Experte: Brauchen keine weiteren Terminals
Zerger sieht das so. Eine vollkommene Auslastung wäre ohnehin nicht zu erwarten gewesen, so der Umwelthilfe-Vertreter. Auslastungen von 64 Prozent wie in Wilhelmshaven seien durchaus marktüblich, das sei vergleichbar mit Terminals in den Niederlanden oder Belgien. “Im Kern funktionieren aber nur zwei Terminals: Wilhelmshaven und Brunsbüttel”, sagt Zerger zu FOCUS online Earth. “Der Rest hat wie Rügen keine Nachfrage oder funktioniert gar nicht.
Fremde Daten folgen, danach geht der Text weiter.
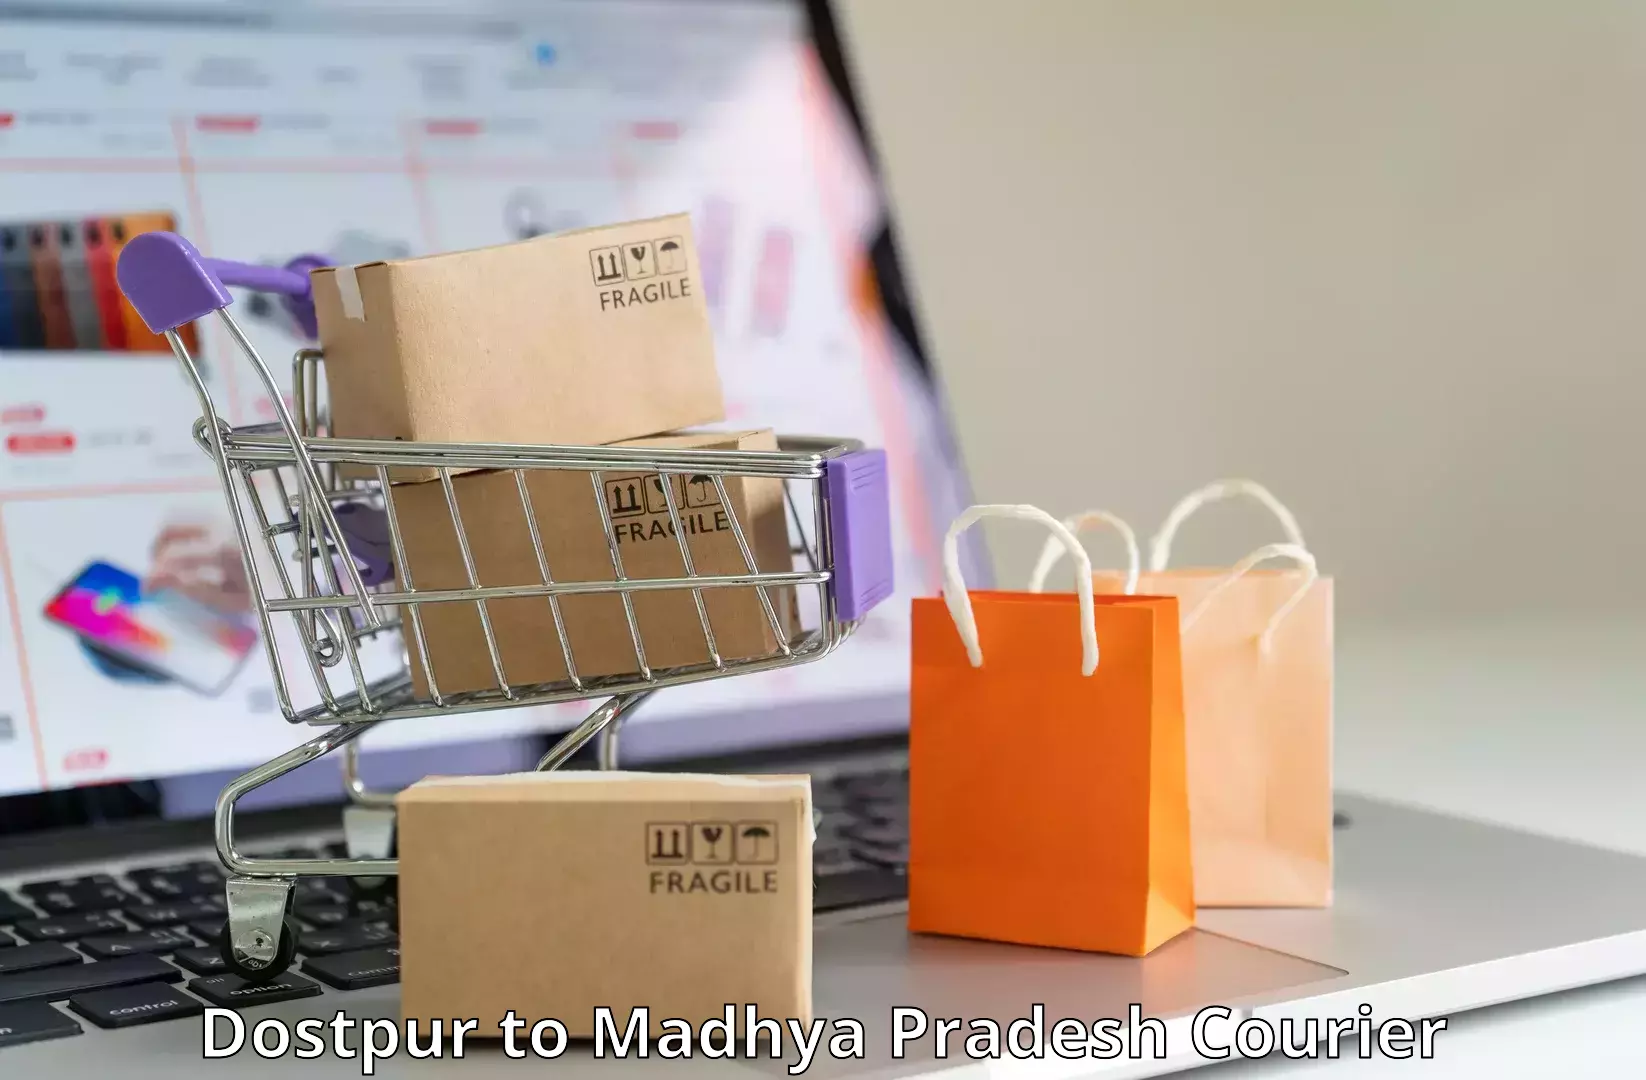 Speedy delivery service Dostpur to Madhya Pradesh

Daran kann man schon ablesen, dass weitere Terminals nicht gebraucht werden.” Die Pläne sehen weitere Regasifizierungsschiffe in Wilhelmshaven und Stade vor - völlig unnötig, findet der DUH-Experte.
Dass die Bundesregierung nach Kriegsbeginn, inmitten der Sorgen und Unsicherheit um unsere Energieversorgung, eine schnelle, tragbare Lösung wollte, ist verständlich. Kein Regierungsvertreter will sich vorwerfen lassen, am Ende zu wenig getan zu haben. Nur: fast drei Jahre später ist die Situation anders, der Markt hat sich stabilisiert. Der Bedarf an LNG kann also jetzt neu eruiert werden.
“Und dieser Bedarf ist eben nicht, vier LNG-Tanker zu betreiben und weiterhin auf Erdgas zu setzen, meint Zerger. “Unsere Forderung ist es, dass die Projekte auf den Prüfstand kommen. Wir sollten uns fragen, ob sie wirklich notwendig sind und was klimapolitisch überhaupt noch verträglich ist.”
Sind die Terminals am Ende sogar gut fürs Klima?
Doch aus Sicht der Bundesregierung sind die LNG-Terminals gar kein Hindernis für Klimaschutz und Energiewende - im Gegenteil. Die Terminals sowie die sonstige errichtete Infrastruktur "sollen langfristig der Anlandung von Wasserstoff einschließlich dessen Derivate dienen", sagt Stephan Gabriel Haufe, Sprecher des Bundeswirtschaftsministeriums, zu FOCUS online Earth. "Die Standorte leisten damit in der Zukunft einen wichtigen Beitrag zur Versorgung Deutschlands und Europas mit grüner Energie und ihre Errichtung ist somit als doppelte Investition anzusehen: für die kurzfristige und mittelfristige Gasversorgung und die langfristige Wasserstoffversorgung."
Der Bau der Terminals mache die Erreichung der deutschen CO2-Ziele daher sogar wahrscheinlicher, argumentiert der Sprecher. Das wäre auch nötig: Denn bereits 2045 will Deutschland klimaneutral sein, also bereits in 20 Jahren. Dann muss mit Gas endgültig Schluss sein - egal, ob es vom Schiff oder aus der Pipeline kommt.